Turning back from enlightenment (not)
There’s an idea you’ll hear expressed by some Mahayana lineages that what differentiates a bodhisattva from an arhat is that a bodhisattva turns away from enlightenment in order to remain in samsara and help every living being to reach freedom. That is, they delay their enlightenment in order to help others to reach enlightenment.
There are a lot of problems with this, so I didn’t have any trouble believing my Lama when he taught me that this understanding was wrong, but there’s also something about this not being true that brings up resistance. If I leave samsara in order to reach enlightenment, haven’t I abandoned the beings in samsara?
This stems from a misunderstanding of what samsara is: the idea that samsara is a place, a physical location, a state vector, whatever.
Thing too of this notion that “everything is perfect in this moment just as it is.” If that’s so, why do I hear about pogroms? Why are masked thugs kidnapping U.S. citizens on the streets? Why does the brutal war in Yemen persist? What about what’s going on in Gaza?
These are actually two sides of the same coin.
Samsara is the state of suffering. It has nothing to do with the arrangement of physical things in which one finds oneself. It has to do with one’s relationship to these things. If “everything is perfect in this moment just as it is,” that’s essentially an enlightened state, free from samsara.
If I have to not be present in this physical arrangement of things in order to reach that state, I am not truly out of samsara—I’ve simply found a place where samsara isn’t bothering me so much. Maybe my body doesn’t seem like an impermanent thing at the moment. Maybe I don’t see people suffering around me. And so I feel free of suffering. But this is a deva realm, not freedom, as long as I haven’t actually reached enlightenment.
So the other side of that is that it’s simply not necessary to change the arrangement of physical things in the world in order to reach enlightenment. My vulnerable body can remain a basis for destruction, as they put it in Tibetan (jik ten).
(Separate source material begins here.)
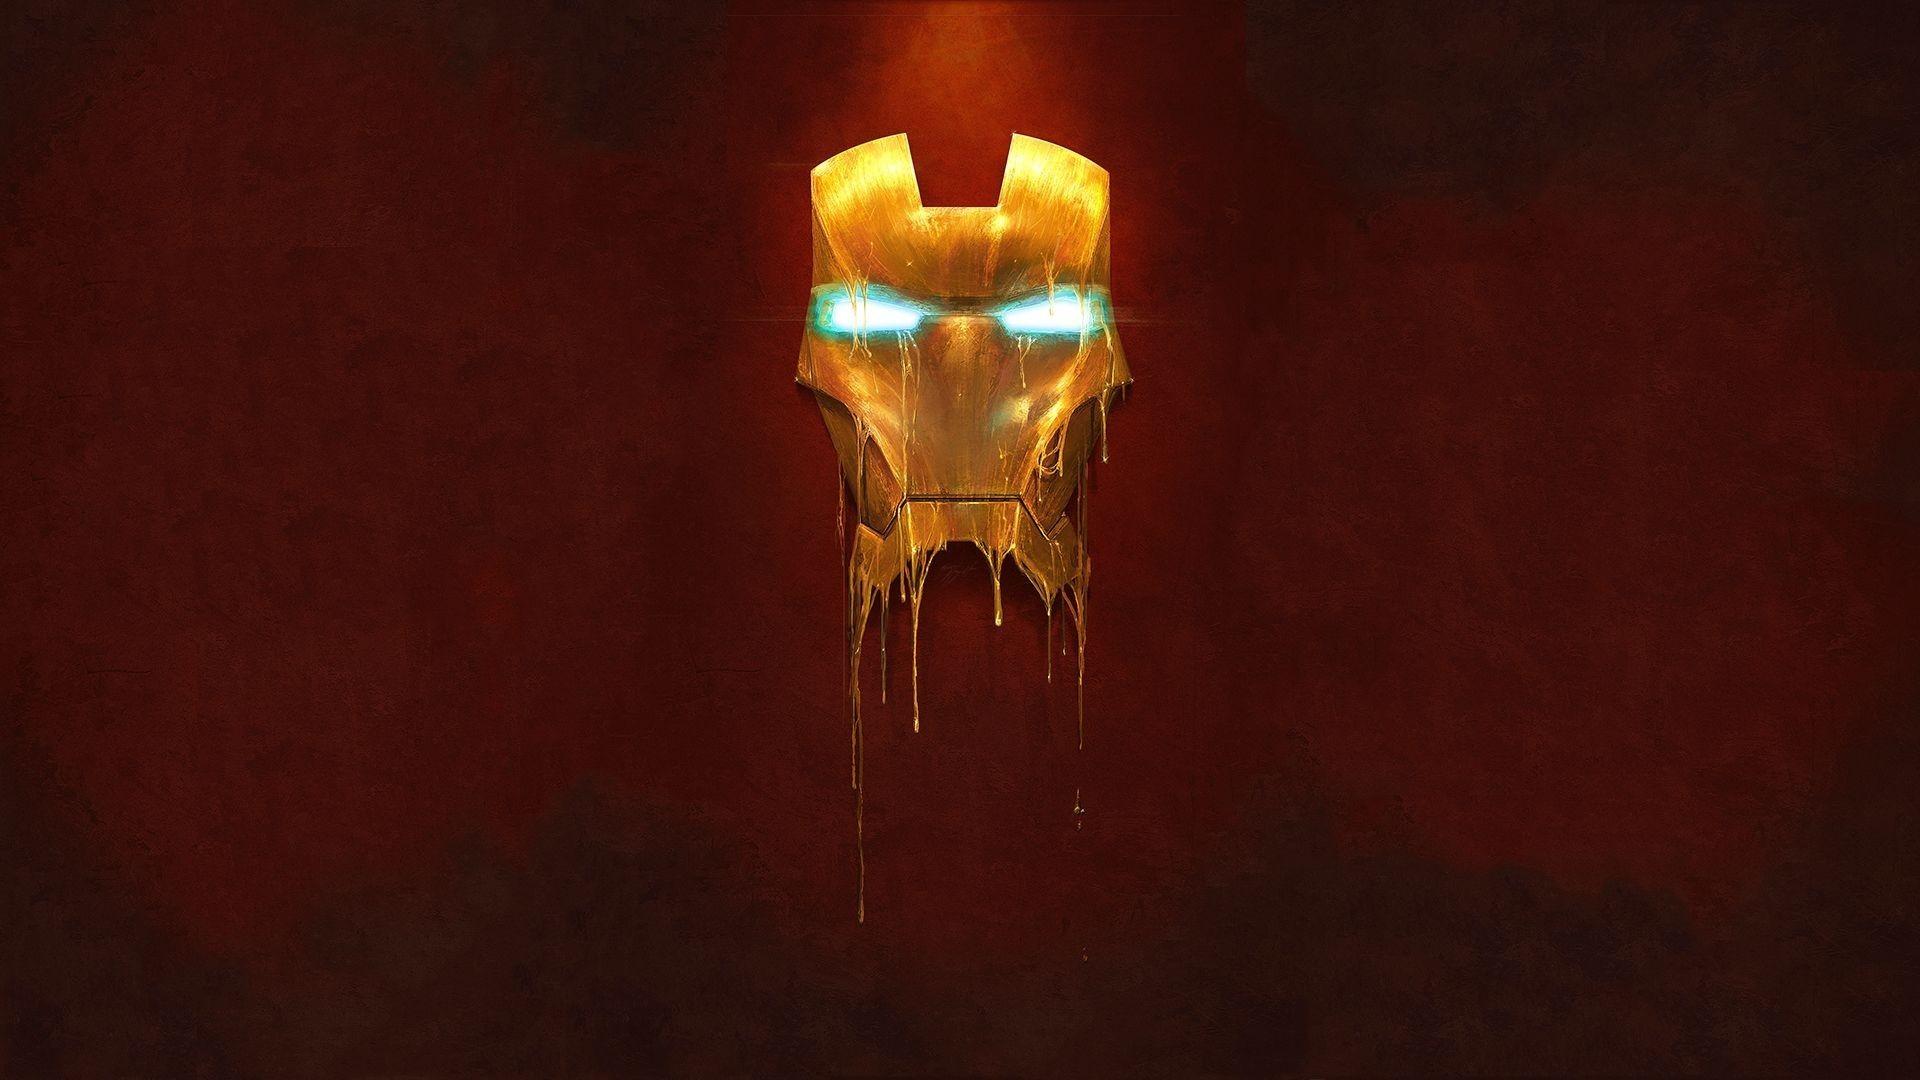 Fantastic Wallpaper Macbook Iron Man - minimalism-superhero-Iron-Man-light-lighting-darkness-1920x1080-px-light-fixture-535034  Photograph_526183.jpg

There can be people suffering around me. This has to be possible, or I can never actually help anyone, because I can’t be there for them.
At the same time, of course, everything is totally pure, so it can be that in this place of the illusion of physical suffering, there is nobody present who is actually suffering, because we’ve all escaped from suffering.
What really bugged me about this interpretation of things was of course that I was suffering. So the idea that this place is totally pure and perfect in the presence of all this apparent suffering was clearly wrong, since the suffering wasn’t merely apparent: I was actually experiencing it.
There’s this notion of “the problem” that we used to talk about when we were debating at the retreat center. “The problem” is stated in the Diamond Cutter Sutra: “When you have brought every living being to total enlightenment, how many livings will there have been who were brought to total enlightement, Oh Subhuti?"
“Why none, of course, Oh Enlightened One.” What does that mean?
That’s the conundrum. That’s why “turning back from enlightenment” to save all living beings isn’t a thing. If there’s someone here in this place, in this physical arrangement of atoms, in this state vector, who is actually suffering, then I’m here for them. But I don’t have to be suffering to be here for them.
None of this should be taken to mean that I am enlightened. I’m just writing down my understanding of why this notion of turning back is wrong, how things can be completely perfect just as they are when people appear to be suffering, and what to do about it.